On October 2, 2008 Pegasystems announced a version of its suite it calls “BPM Platform as a Service (PaaS).” I caught up with the company’s development and marketing guys to better understand what it was all about. The line in the announcement that confused me was that the “new platform delivers BPM as a service without the risks of traditional software-as-a-service (SaaS) offerings.” Traditional and SaaS were not words that I tend to put together—and I kind of think of SaaS as riskless because you pay for modern SaaS as you go along.
So I needed to understand these risks a little better. It turns out Pegasystems has an interesting story although I would have worded it a little differently. Its business process management (BPM) suite was architected and built for multiple instances although that feature hasn’t meant a lot to most BPM users in general because they tend to install BPM departmentally, in “silos,” as Pegasystems characterizes it. This Pegasystems capability was even “certified” by IBM a few years back when IBM was calling “cloud computing” “grid computing” (after IBM called it “on demand” computing I guess).

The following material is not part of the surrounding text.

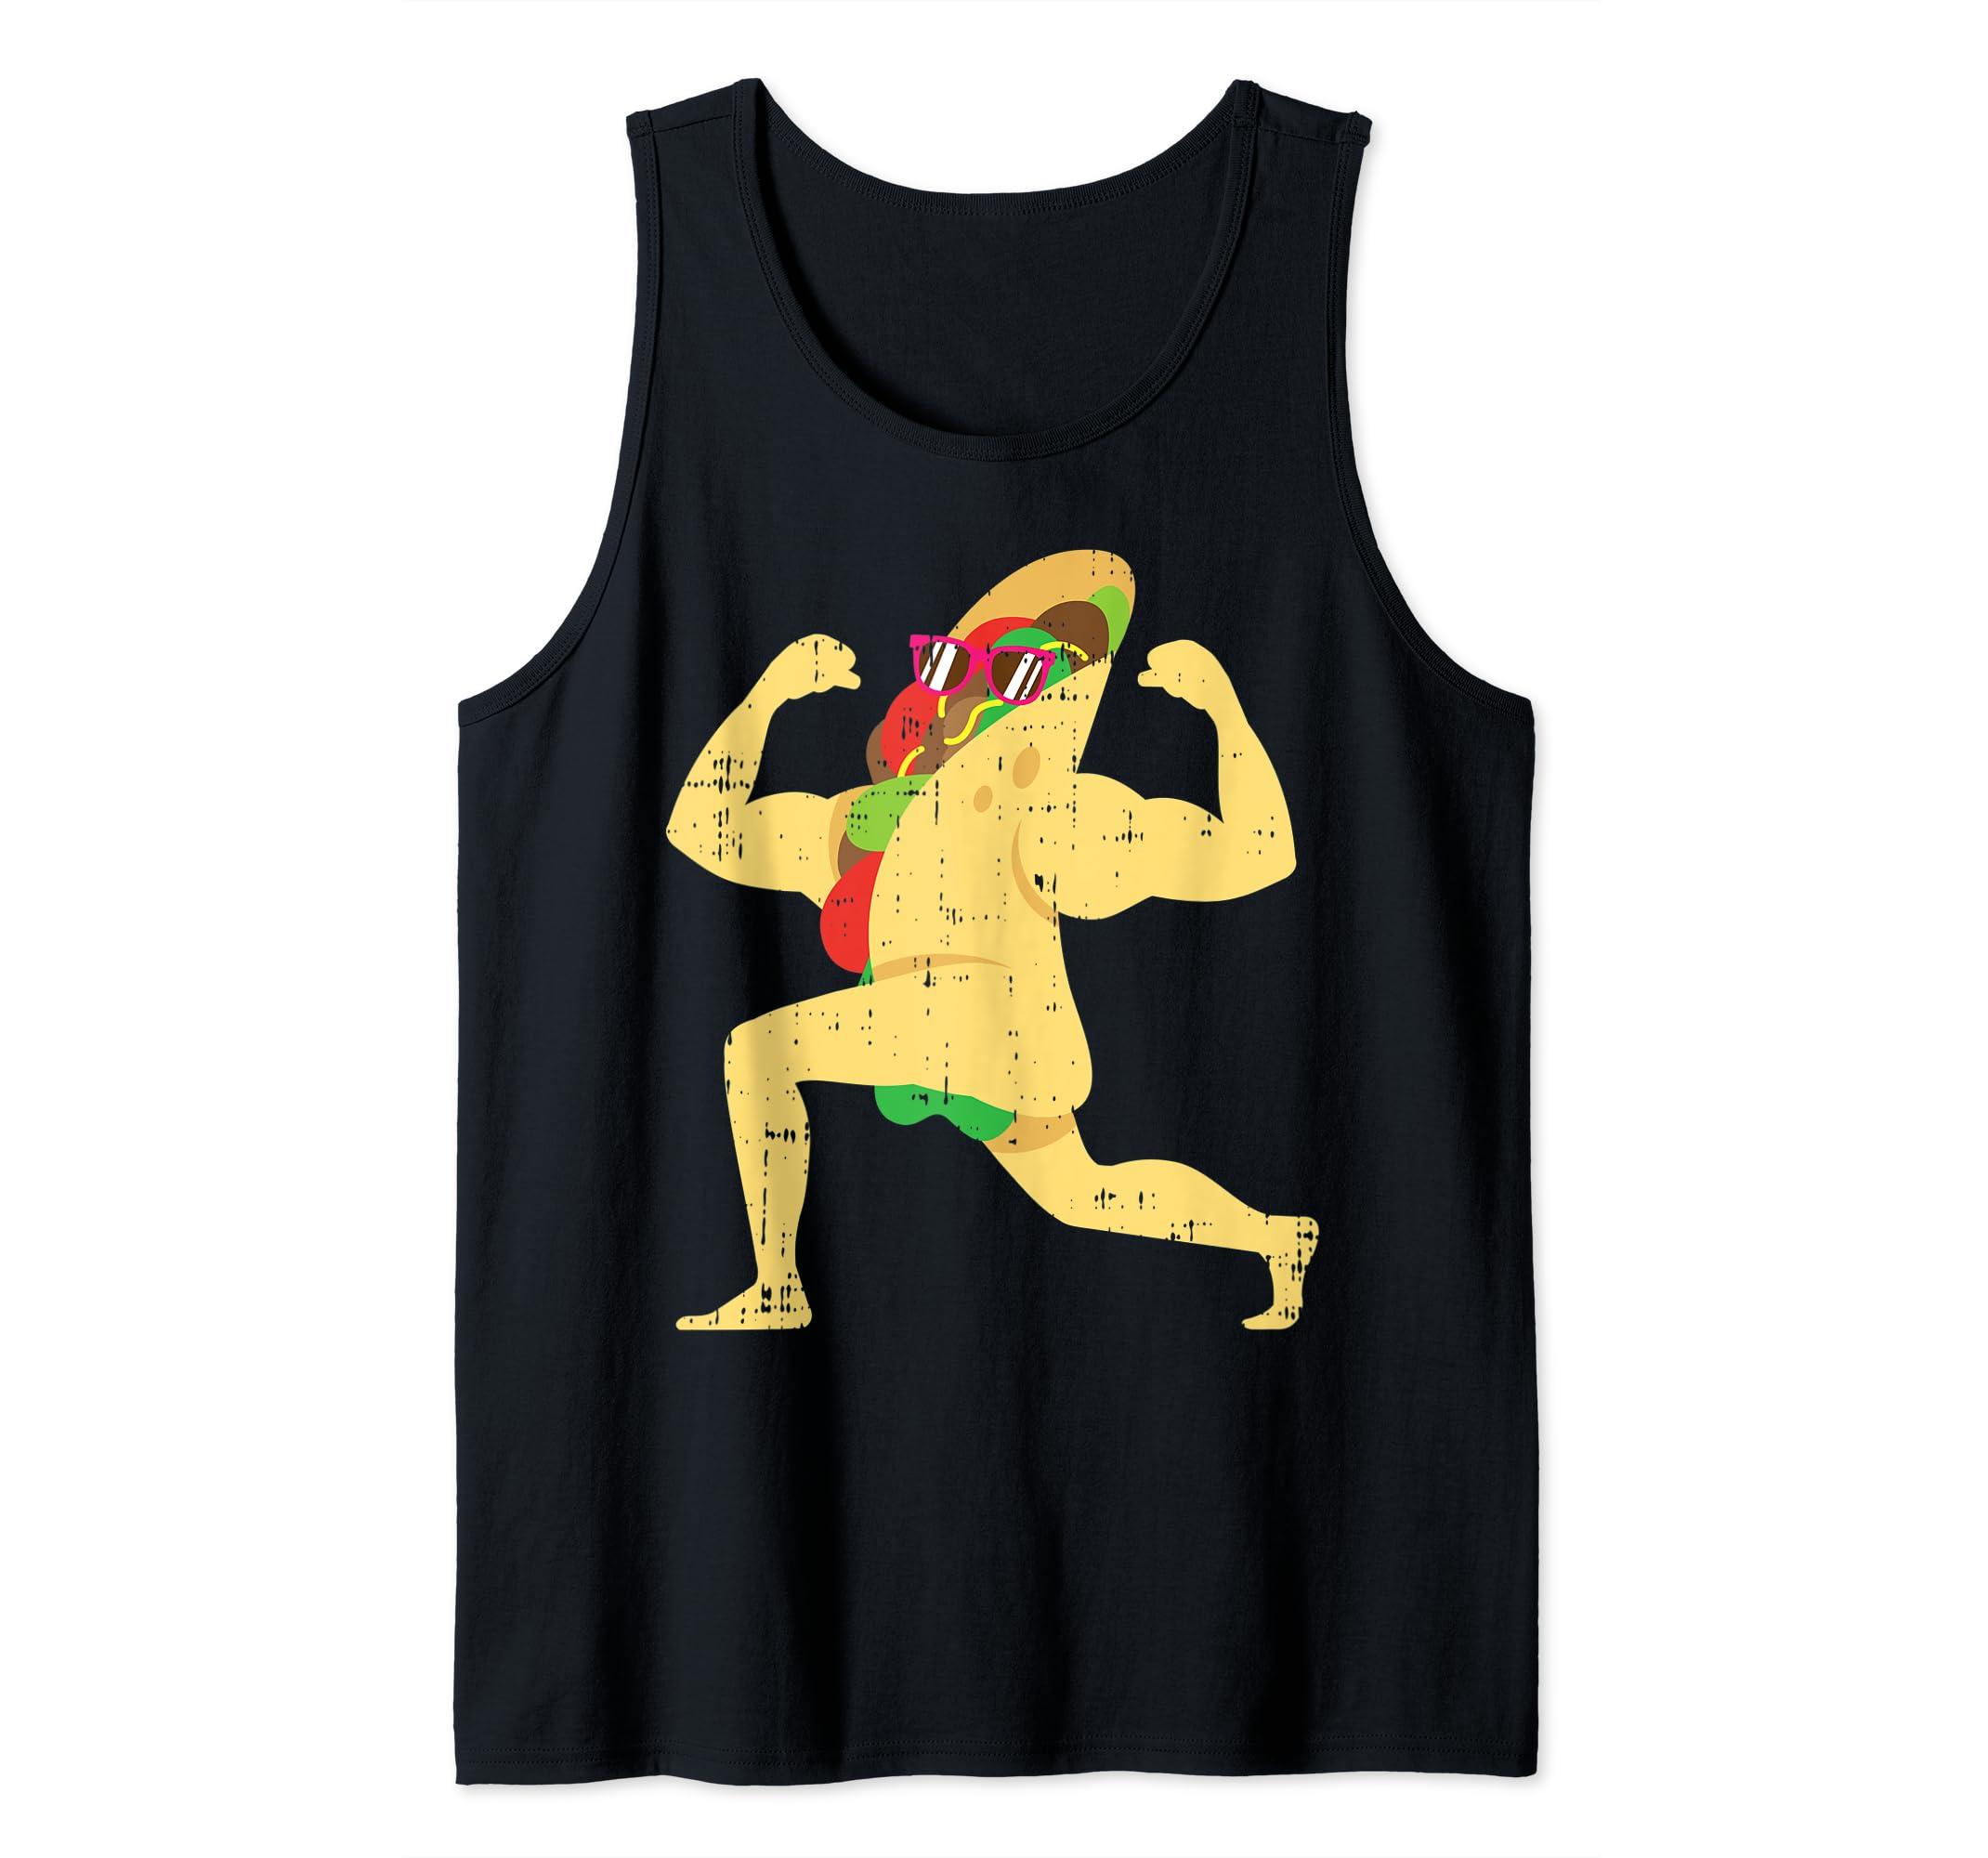 835c5d77 Amazon.com: Muscle Beach Taco Funny Mexican Cinco De Mayo Tank Top: Clothing

Despite IBM’s playing three-card monte with the concept, Pegasystems’ technical achievement is non-trivial. This feature allowed Pega to make some changes to its execution engine to allow different JVMs to share corporate assets (processes, business rules, UI components, integration components, and data structures) among multiple BPM instances in one organization.
So despite the fact that the property-insurance claims-processing BPM application is fundamentally different than an application to support independent agents, they can both use the same customer-account definition, the same process to change an address, and so forth. While IT departments have been able to set up such a multiple instance configuration for a number of years, Pegasystems also reduced the effort the IT department would have to put into this work, adding tools and an administrative console to clone one application to another and to streamline the instantiation process.
So what’s this got to do with the risks of SaaS, I ask? Well this all depends on how you define SaaS. To the extent that some software sold as a service provides one-size-fits-all functionality, I understand Pegasystems knock on the term. But I don’t like to paint SaaS with such a broad brush. I’d look at it another way: Pegasystems may have just enabled some Pegasystems systems-integration and business process outsourcing partners to get into the SaaS business model very cost effectively.
Look for a Pegasystems-enabled BPM-as-a-Service capability in your industry some time in 2009. It could be just what your company needs in a down economy.